Muitas pessoas em Portugal estão a colocar uma enorme expectativa na acção politica de François Hollande, que eu não partilho. Poderia explicar porquê, mas não quero estar a maçar os leitores dos sempre interessantes posts da Helena.
Direi apenas que não começou bem o novo PR da França, e já não falo da viagem a Berlim logo a seguir a tomar posse, quando nomeou 1º ministro alguem que foi condenado a seis meses de prisão,embora com pena suspensa, quando era maire de Nantes.

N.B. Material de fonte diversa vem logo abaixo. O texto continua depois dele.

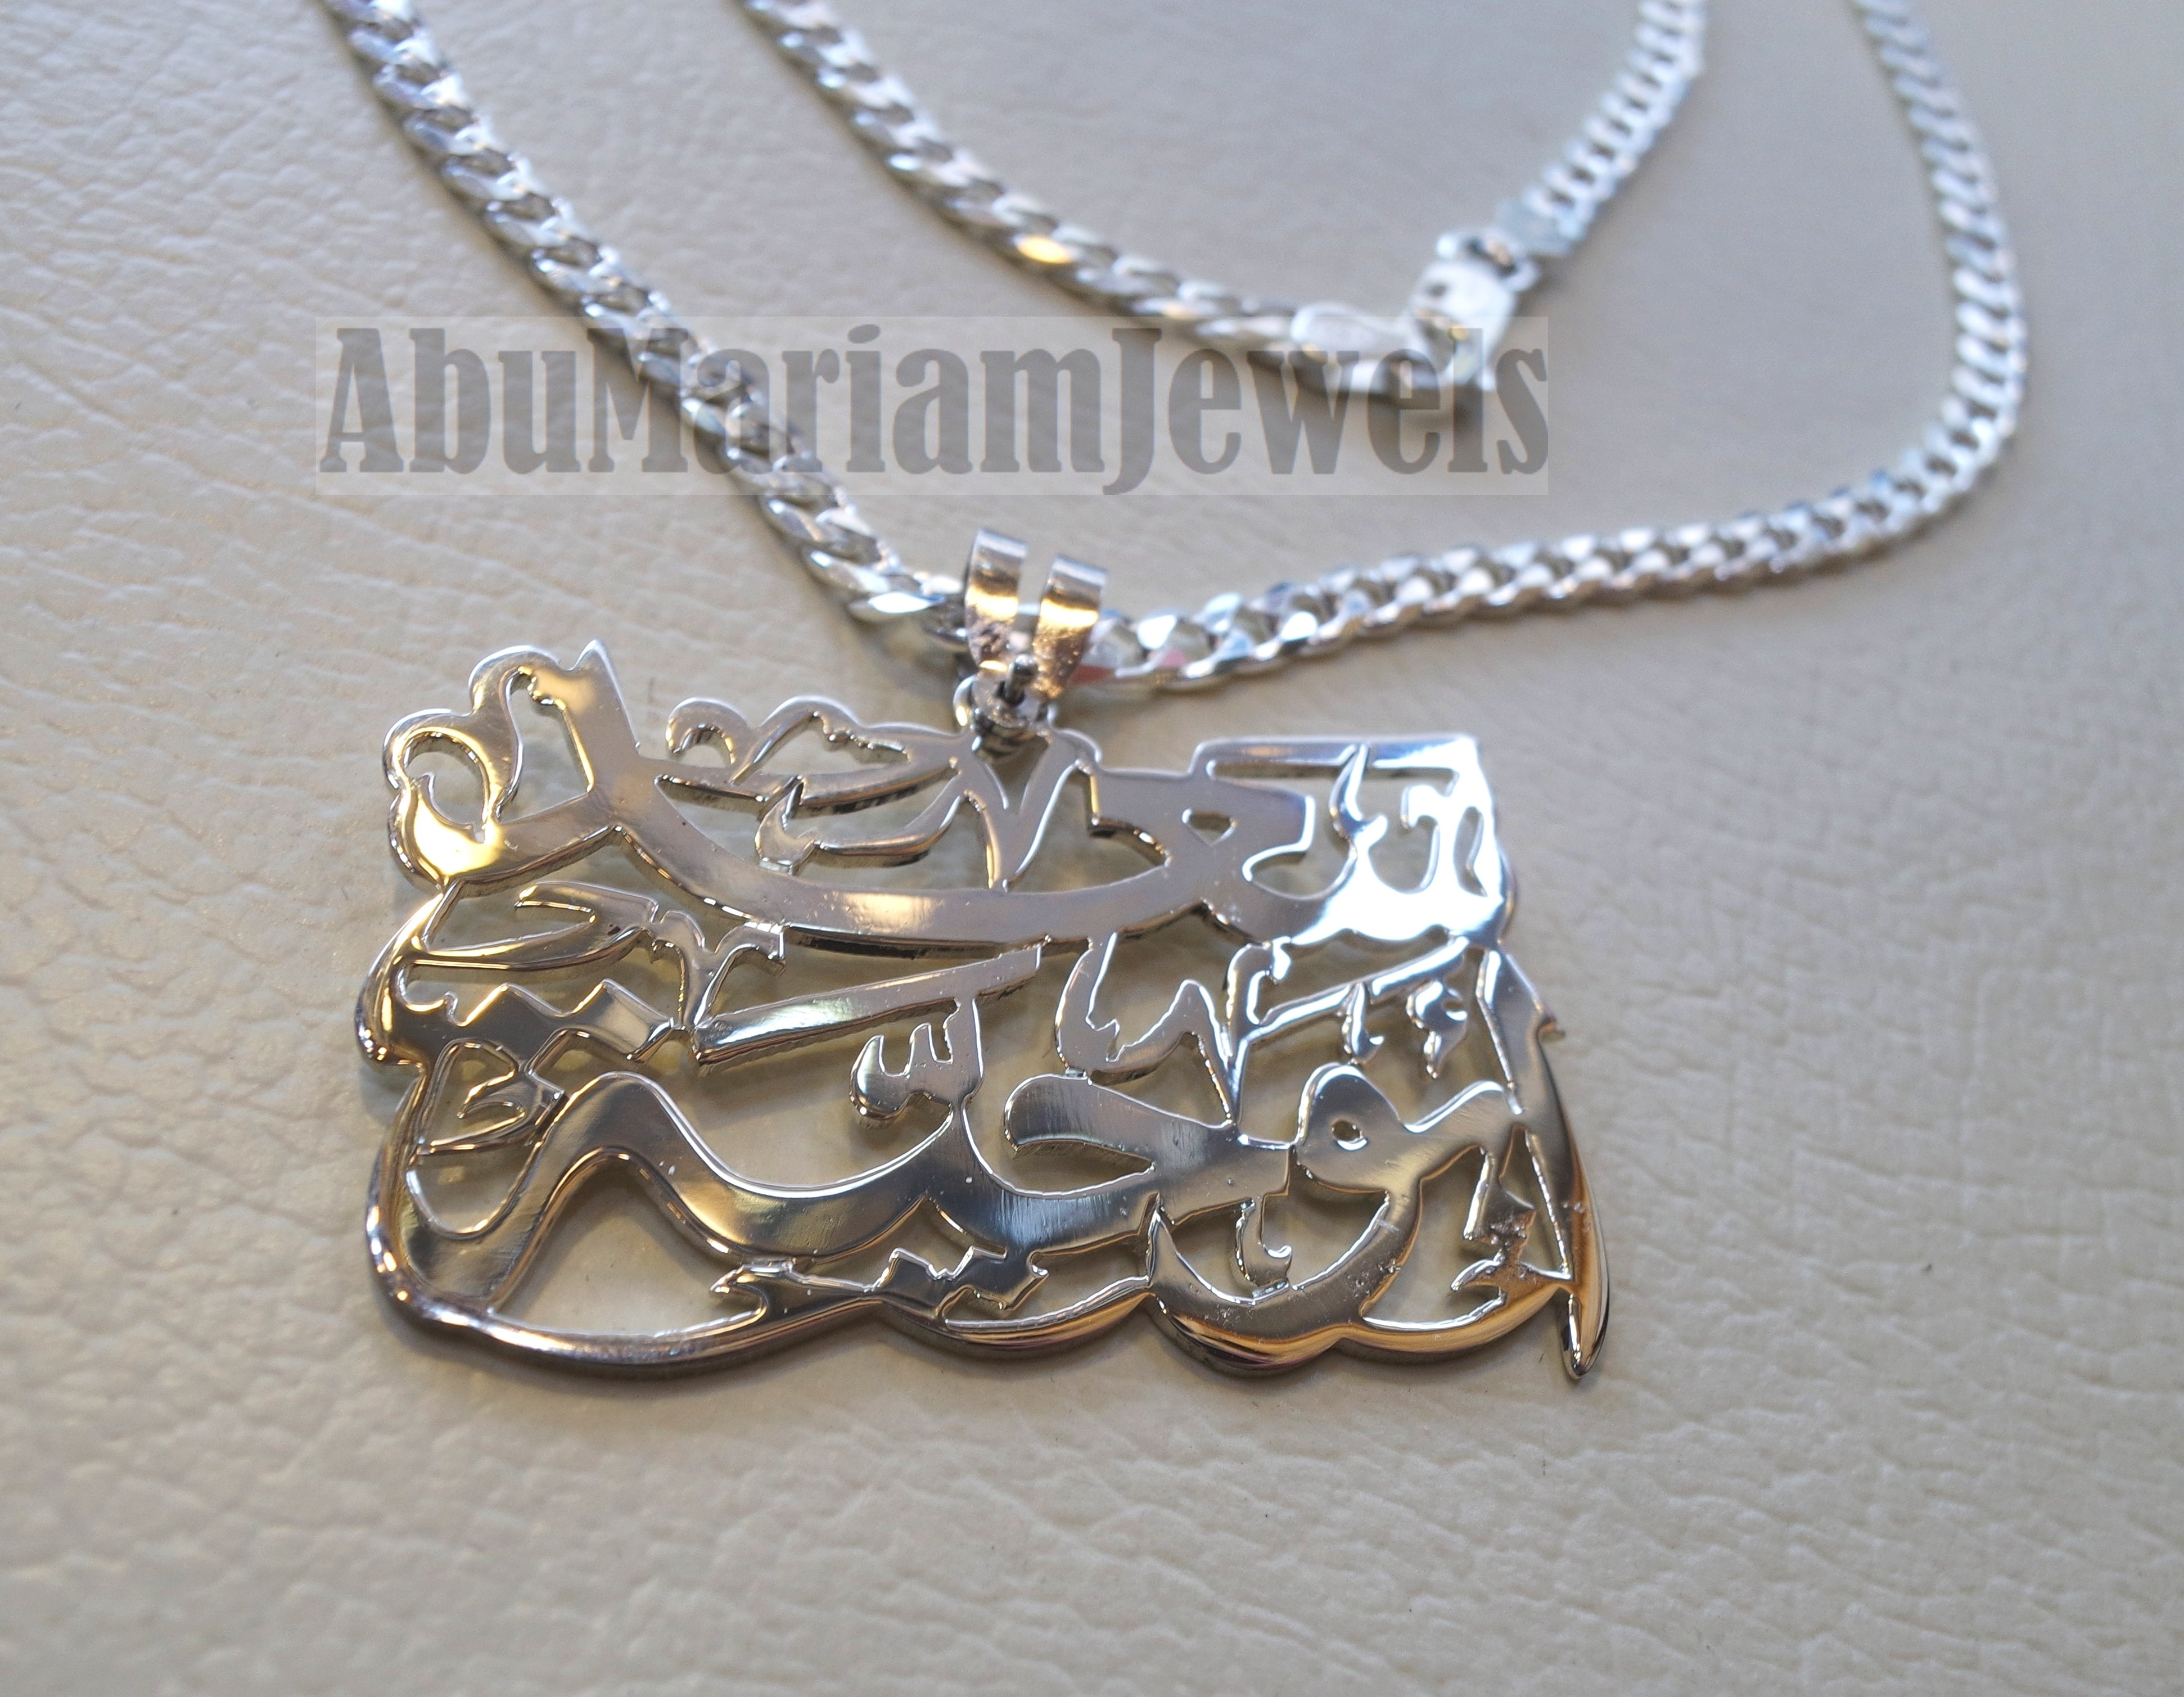 pendant any two names arabic made to order customized name thick chain 2 sterling silver 925 big rectangle square shape تعليقه اسماء عربي

Por outro lado que dizer de uma ministra que vai para o conselho ministro de "jeans" e que pôs a uma filha o nome de Térébintine (Aguarrás)?
Já a sua insistencia nos "eurobonds" tem qualquer coisa de esquizofrenico, porque a seguir à Alemanha, será a França o país mais afectado por tal medida. Os eurobonds, se não forem avalizados por quem tem "musculo" para tal, não servem nem para papel de forrar as paredes.
Para terminar, já há muito boa gente em França, e não só à direita, a dizer que F. Hollande há-de fazer tudo para perder as legislativas, encontrando aí o alibi para não cumprir as promessas que fez e que não pode cumprir.